Above we have a bar-chart showing us all the comparisons of using nothing to rectify the Bias, using Smote and then using Condensed Nearest Neighbour Undersampling.

When we used SMOTE we can see that our predictions are overall much closer to the true number of thre minority class in the test set. Also an Interesting note is that the smote predictions seem to follow the same pattern as the no sampling except closer to the actual predictions but knn is stil more than all, dtree and gradient boost are roughly the same and the Linear regression still predicts the minority the least. 

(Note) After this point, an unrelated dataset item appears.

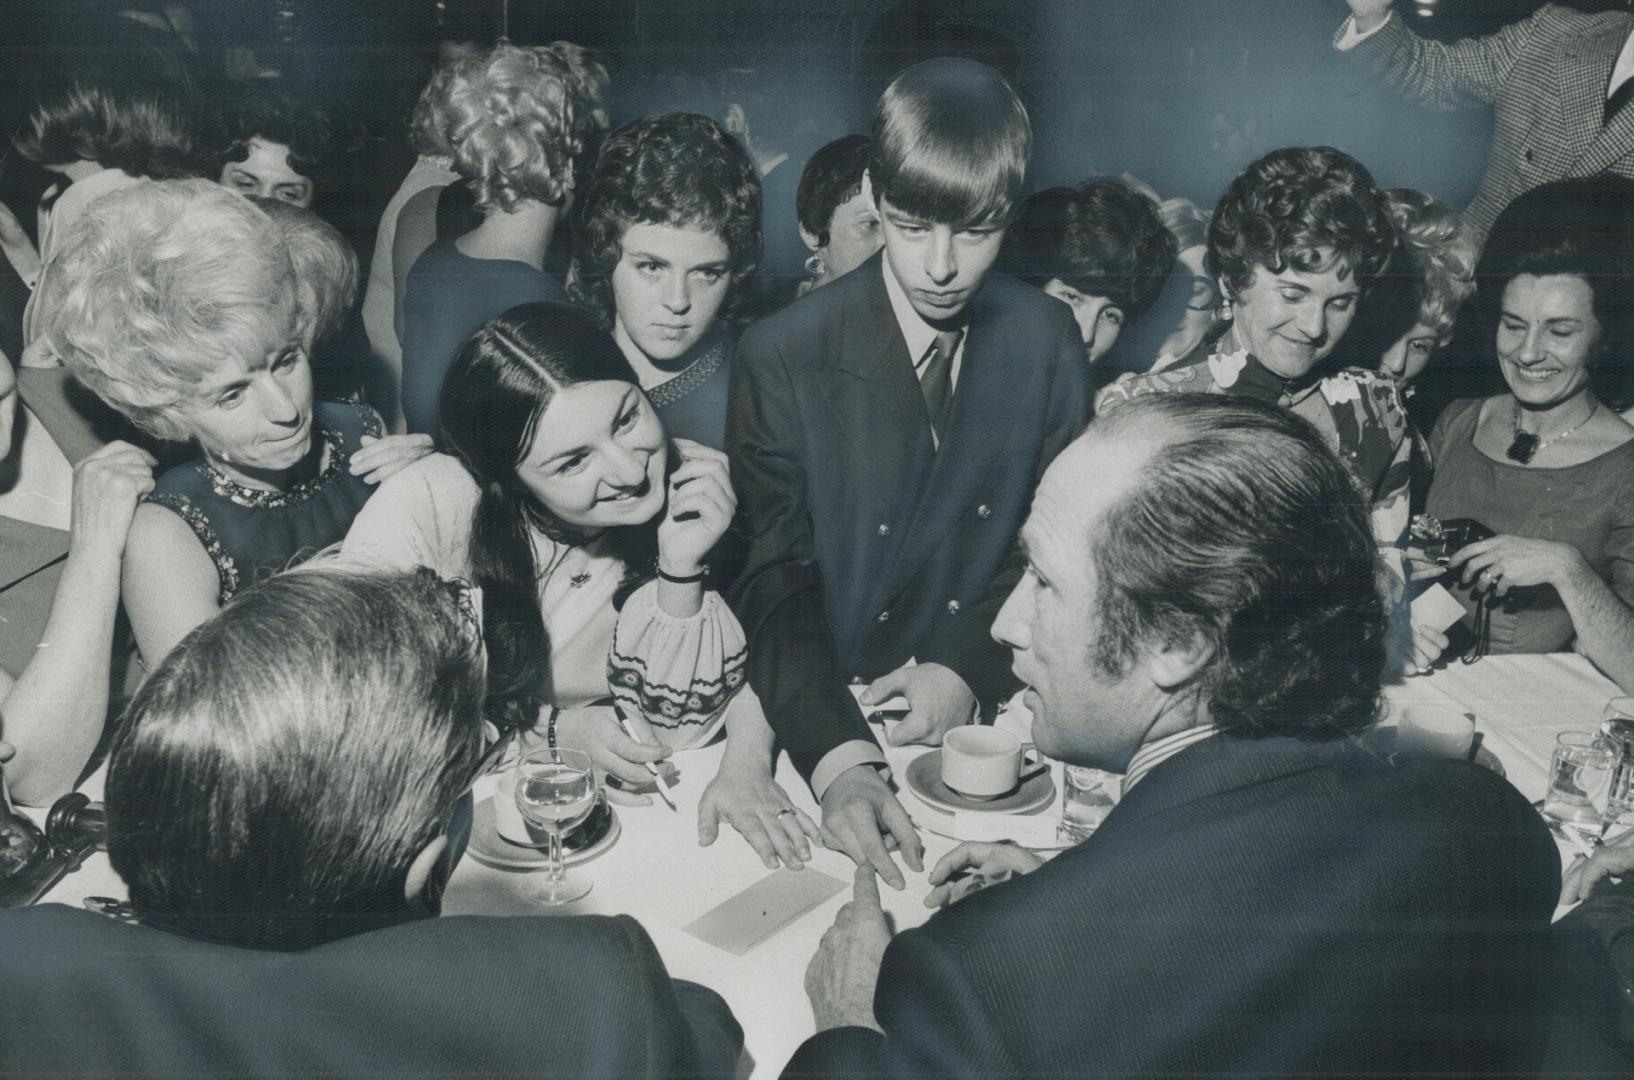 Autograph hunters crowd in tightly around table of Prime Minister Pierre Trudeau last night at Chamber of Commerce banquet in Niagara Falls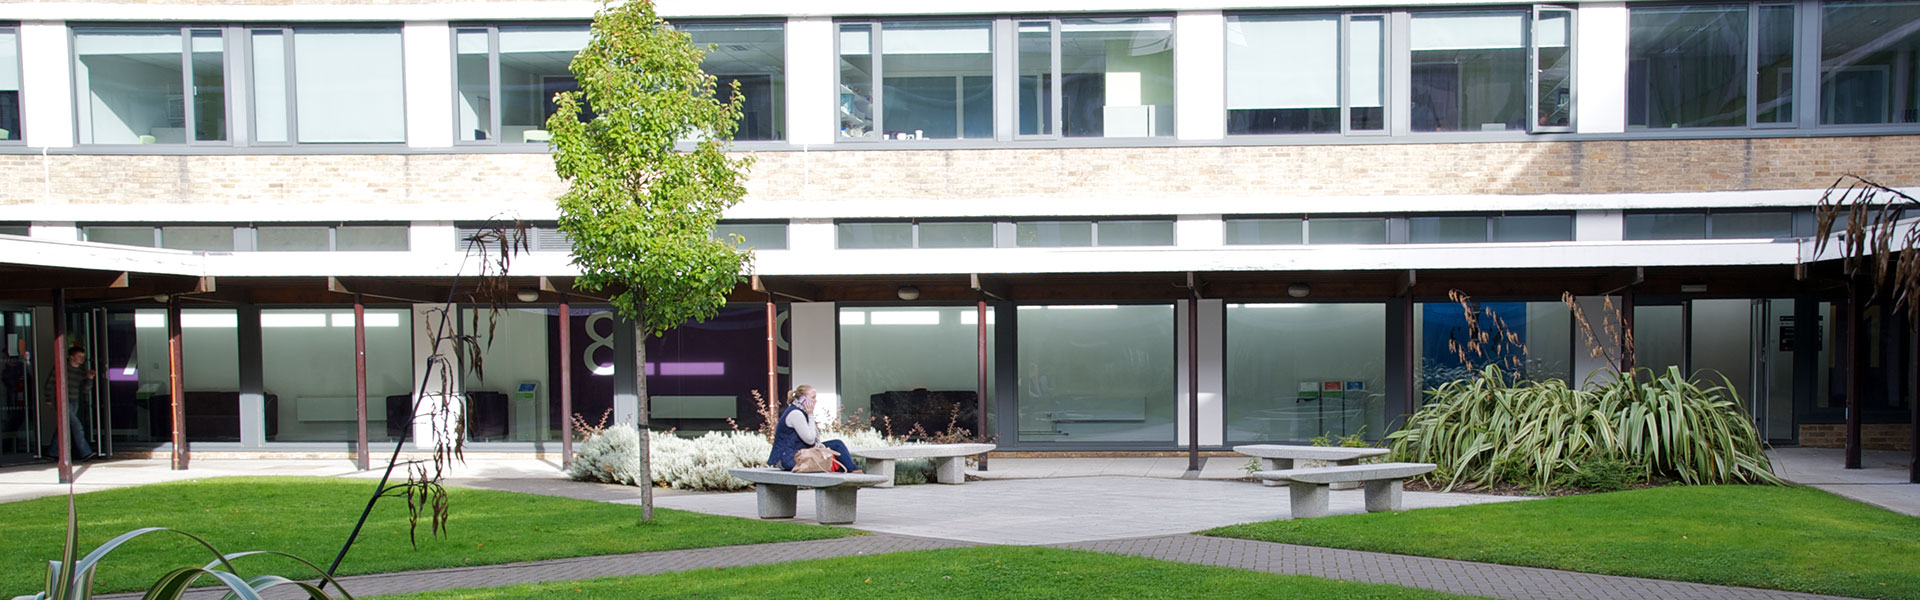 A lady sitting on a bench, taking a call. There are green shrubs and offices in the background.

The Condensed Nearest Neighbour undersampling on the data produces some very Interesting results. The KNN and D-Tree classifiers to very well and the bias is seemingly removed however Linear Regression and Gradient Boost infact are biased towards the original minority class. I suppose The reason that the Linear Regression and Gradient Boost are biased towards the original minority class is because once we apply CNN Undersampling the Minority Class becomes the Majoirty by 7%.

While in the previous Dataset we saw that CNN undersampling gave us great results here we see that it actually ends up being inferior to smote.

# _Conclusion_

We haves seen throughout this notebook what Bias is and how we can attempt to remove it. We see that using Over Sampling and Undersampling Strategies can remove Bias from our Samples and thus remove it from our Models. 

Something else Interesting we can draw from our experiements here is that the Regression Models are much more sensitive to Bias We can see this as they often underclassify the minority class much more than a k-NN and a Decision Tree. we also see that the best model out of the 4 for dealing with bias with theses small feature datasets. 

Overall we can clearly conclude that Bias in a sample set leads to Machine Learning Models being Biased. which in itself is a great conclusion to be able to draw as it arms us with the knowledge goign forward how Bias effects Models.